Wenn ich einen Anlagenschaltschrank baue, muss ich mir immer darüber im Klaren sein, an welches Netz er angeschlossen werden soll und ob der Netzbetreiber besondere Vorschriften hat. Die erste Frage an den Kunden ist also die nach der Netzform und nach dem Netzbetreiber. In einem TT-Netz wird der Neutralleiter als aktiver Leiter immer mitgeschaltet. Allerdings macht D da eine nationale  Ausnahme und lässt auch ungeschaltete Neutralleiter zu.

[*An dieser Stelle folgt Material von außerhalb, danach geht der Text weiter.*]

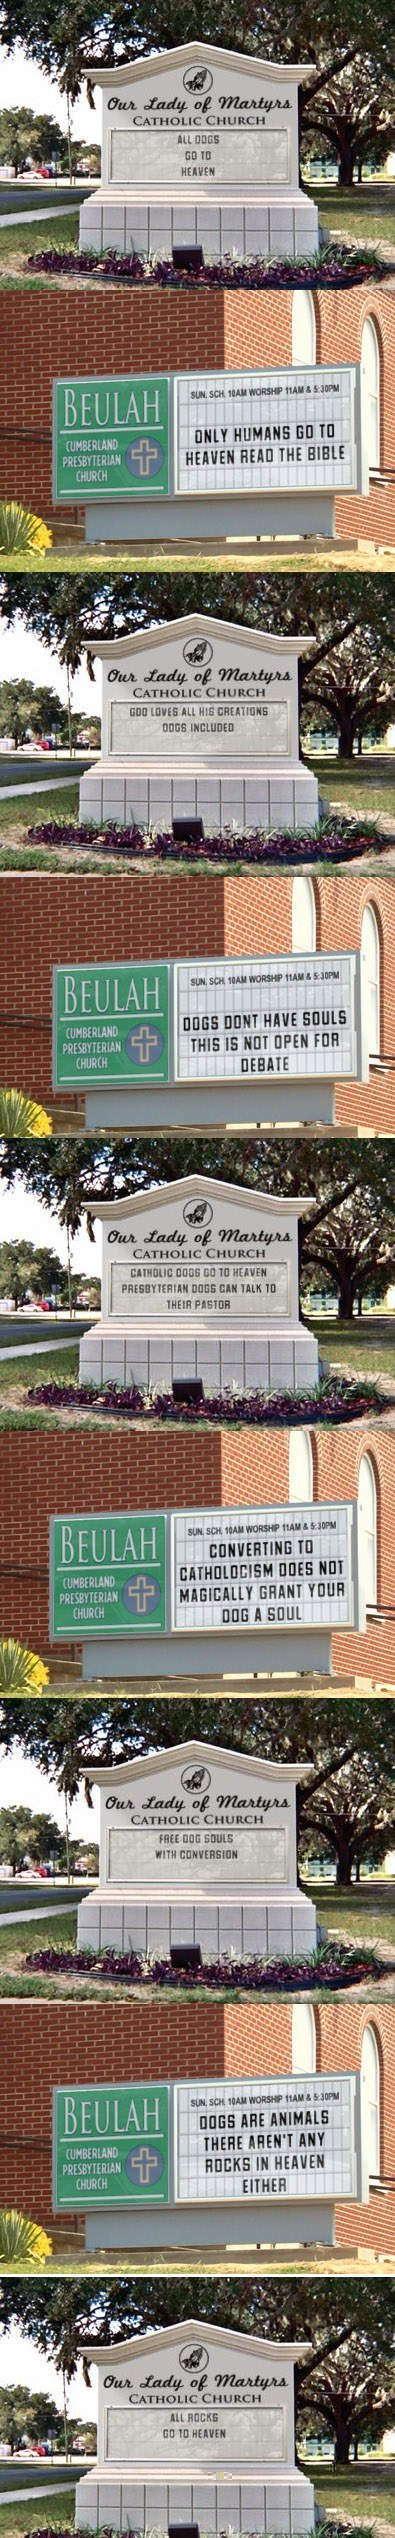 church9a.jpg

Belgien ist auch eine Ausnahme, die meines Wissens in der deutschen Ausgabe der VDE 0100 explizit erwähnt wird. Auf Grundlage der besonderen Netzverhältnisse und der noch weit verbreiteten 3 x 230V-Netze muss der Neutralleiter nicht nur mitgeschaltet, sondern immer auch mitgeschützt werden. D.h. es sind grundsätzlich nur Automaten mit 2 resp. 4 *geschützten* Strompfaden zulässig, unabhängig davon, ob es sich um ein TN (selten), TT (die Regel) oder IT mit induktiver Erdung (nicht selten) handelt. Das ist europäisches Basiswissen. Der N wird nicht geschützt, aber immer mitgeschaltet zumindest in E, F, NL, I und P. In all diesen Ländern ist TT die absolute Regel, sprich ohne FI geht fast gar nichts. 

Wer so etwas nicht weiß, sollte von Projekten jenseits der Grenze die Finger lassen.

In Belgien, aber nicht nur da, muss darüber hinaus jede elektrische Anlage von einer Art TÜV, hier z.B. http://www.aib-vincotte.com/de/home/ abgenommmen und im gewerblichen Bereich alle 4 Jahre auf Konformität überprüft werden. Das ist also die richtige Adresse, falls Du das Projekt noch retten willst.

Im privaten Bereich ist das nicht anders, jedes Privathaus muss alle 25 Jahre oder aber immer vor einem Verkauf von so einem Prüfinstitut abgenommen werden.

Beachet weiter, dass die Belgier wie die Franzosen Leitungsquerschnitte oft nicht nach tatsächlicher Belastung, sondern sehr pauschal und großzügig definieren: Eine Steckdose, die eine Zuleitung < 2,5mm² hat ist daher definitiv unzulässig.


----------



## MSB (26 Juli 2009)

@Ludewig
Ich will jetzt nich auf Details eingehen, aber es bliebe zu klären, ob VDE0100 oder das Belgische Äquivalent dazu
überhaupt irgend eine relevanz hat.

Prinzipiell würde ich ja eher VDE0113, Maschinenrichtlinie etc. als "üblichen Verdächtigen" anführen.

Die Netzform ist ja noch ganz interessant, der Netzbetreiber kann mir als einer,
der einen Schalschrank zugehörig zu einer Maschine liefert relativ egal sein (übrigens auch in Deutschland).

Also insofern reden wir von zwei unterschiedlichen Sachen:
Du von einer Elektrischen Anlage, und ich von einer Maschine.

Mfg
Manuel


----------



## de vliegende hollander (8 Januar 2014)

Anhang anzeigen 22857
Anhang anzeigen 22858


Hallo Ludewig und MSB,

Genau diese Diskussion wird bei uns im Hause auch immer mal wieder geführt.
Wir liefern von Deutschland aus nach Belgien, Österreich, der Schweiz, Frankreich, Luxemburg und den Niederlanden.

Mann soll meiner Meinung nach immer die länderspecifische Sachen beachten, egal Anlage oder Maschine.
Es ist bei uns schon mal vorgekommen das man bei der Endabnahme auf länderspecifische Sachen stößt.
Und ich bin als Inbetriebnehmer der letzte man auf der Anlage und hab dann die A-Karten gezogen weil ich es wieder geradebiegen muss.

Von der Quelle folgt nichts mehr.